%%

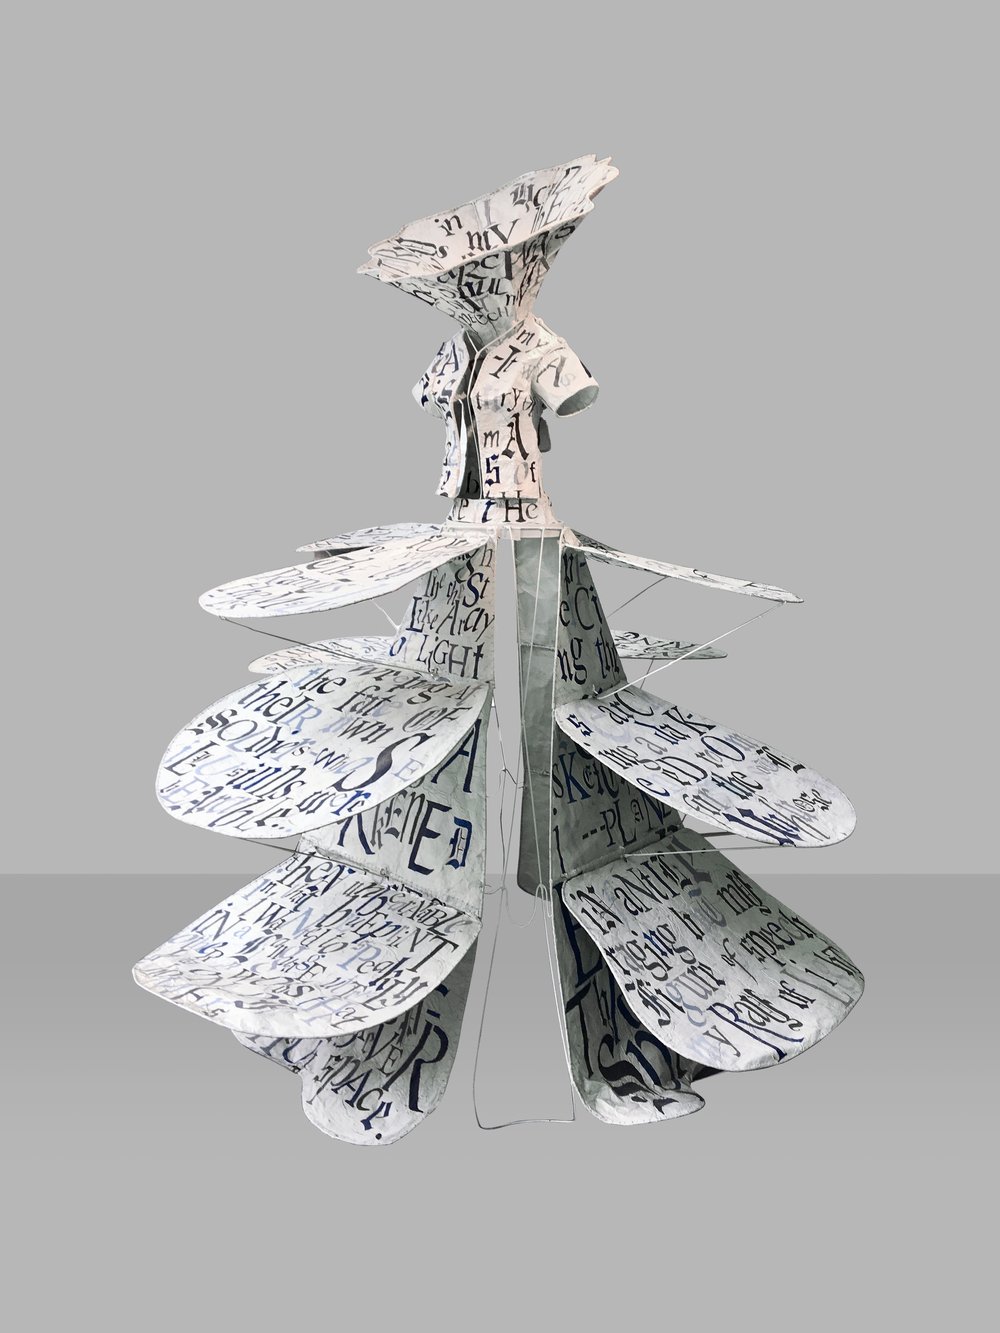  Leslie Dill,&nbsp;Gown of Blueprint, hand-painted metal with oil paint on metal armature, 78 x 58 x 58 in.  
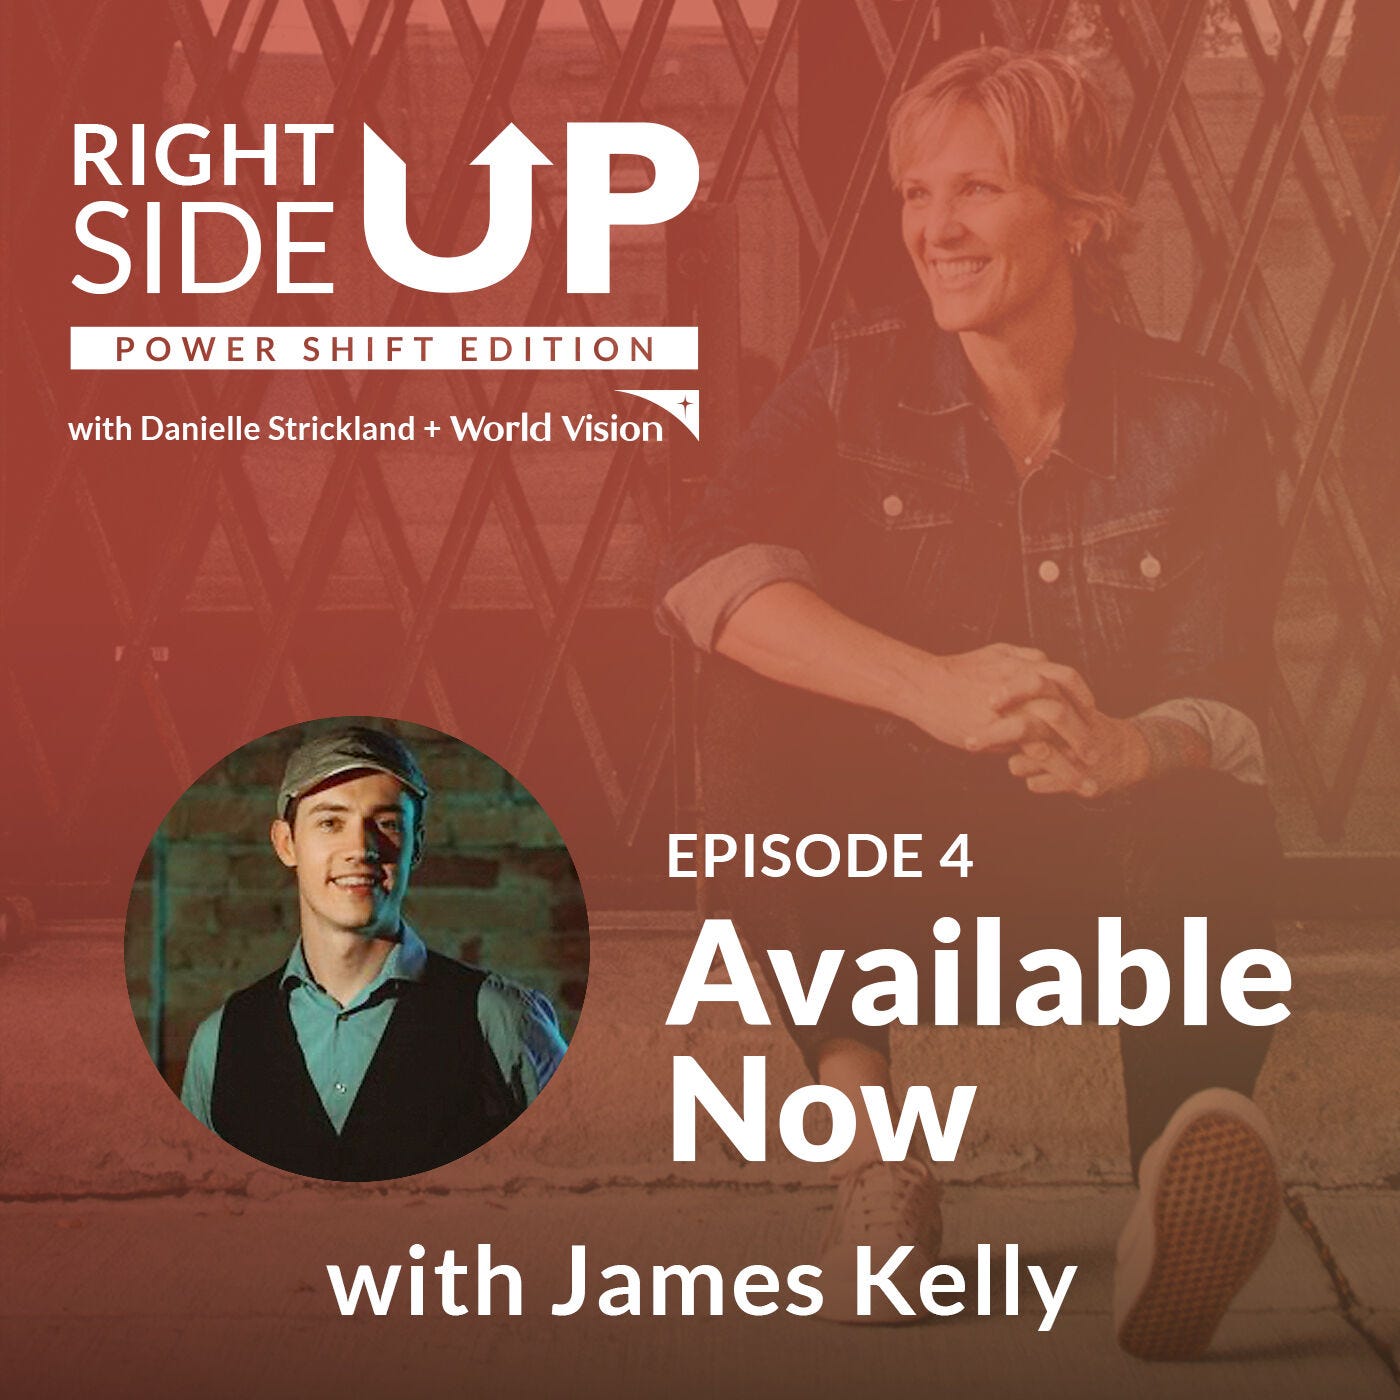 Power Shift Edition: Interview with James Kelly
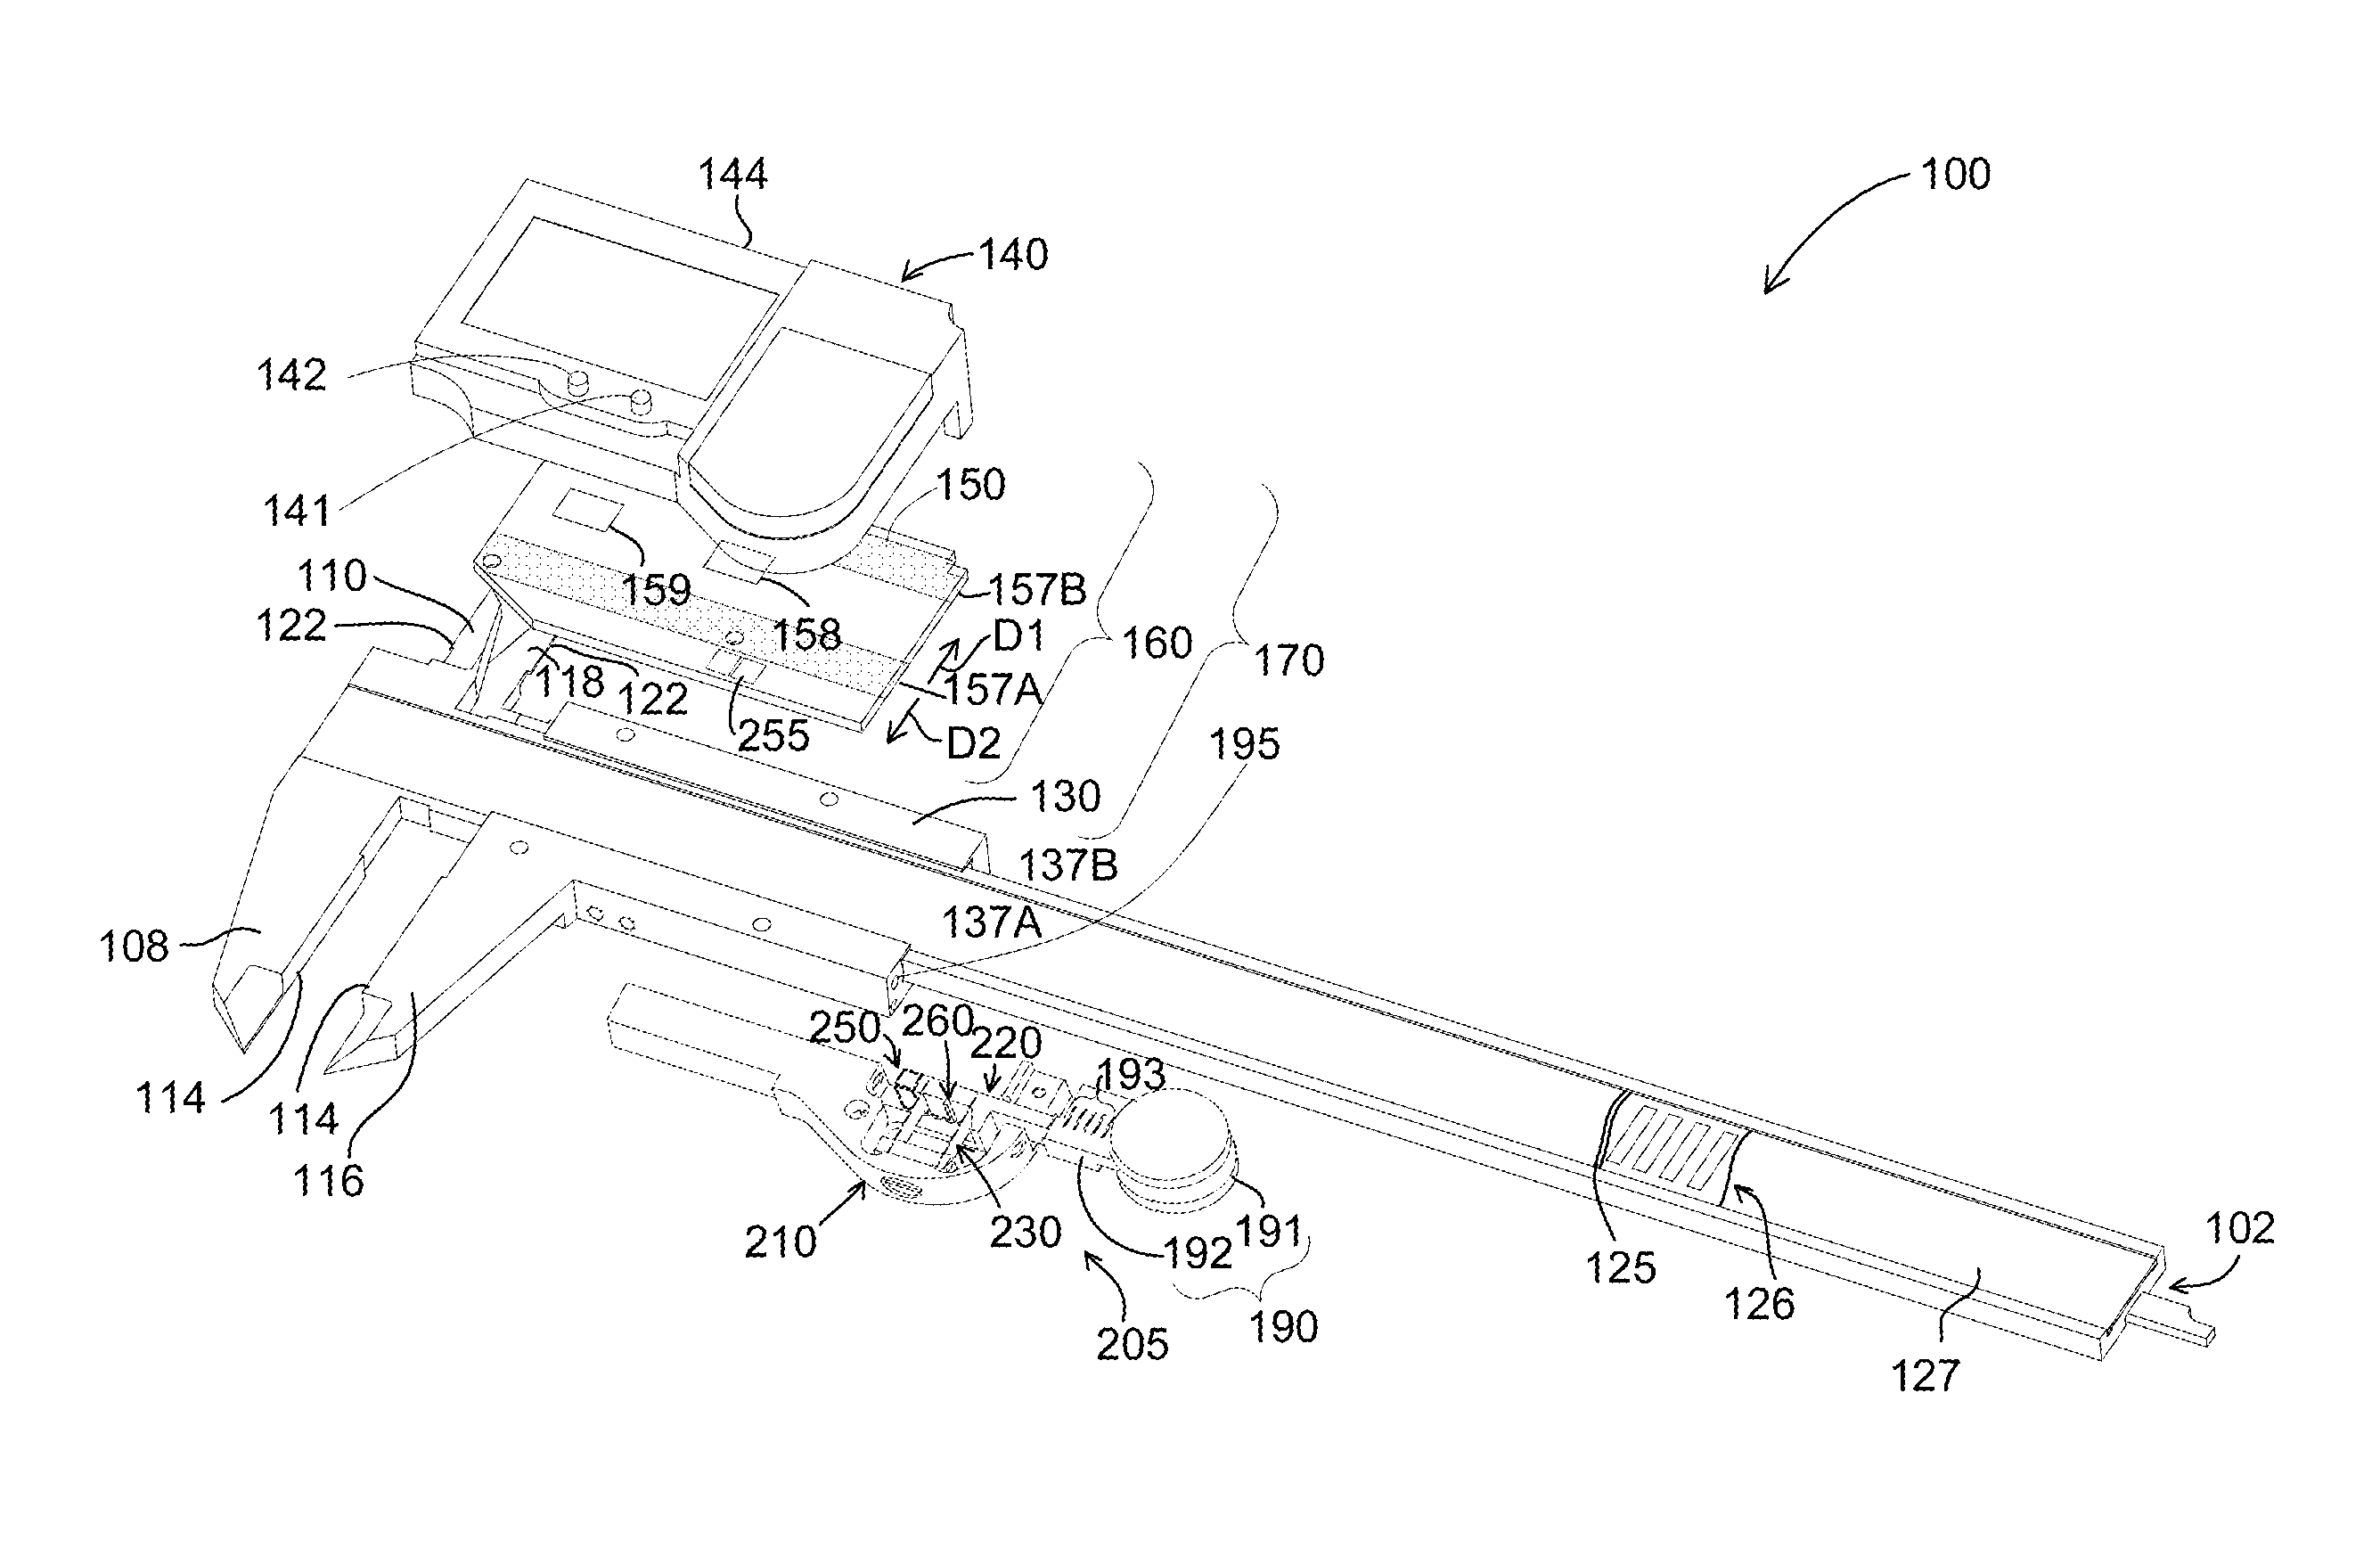 Flexible mount for coupling force actuator to caliper jaw

%%

» Assignment: Instruction for this listing: copy it exactly, but leave the images behind.

» Task answer:
  Leslie Dill,&nbsp;Gown of Blueprint, hand-painted metal with oil paint on metal armature, 78 x 58 x 58 in.  
 Power Shift Edition: Interview with James Kelly
 Flexible mount for coupling force actuator to caliper jaw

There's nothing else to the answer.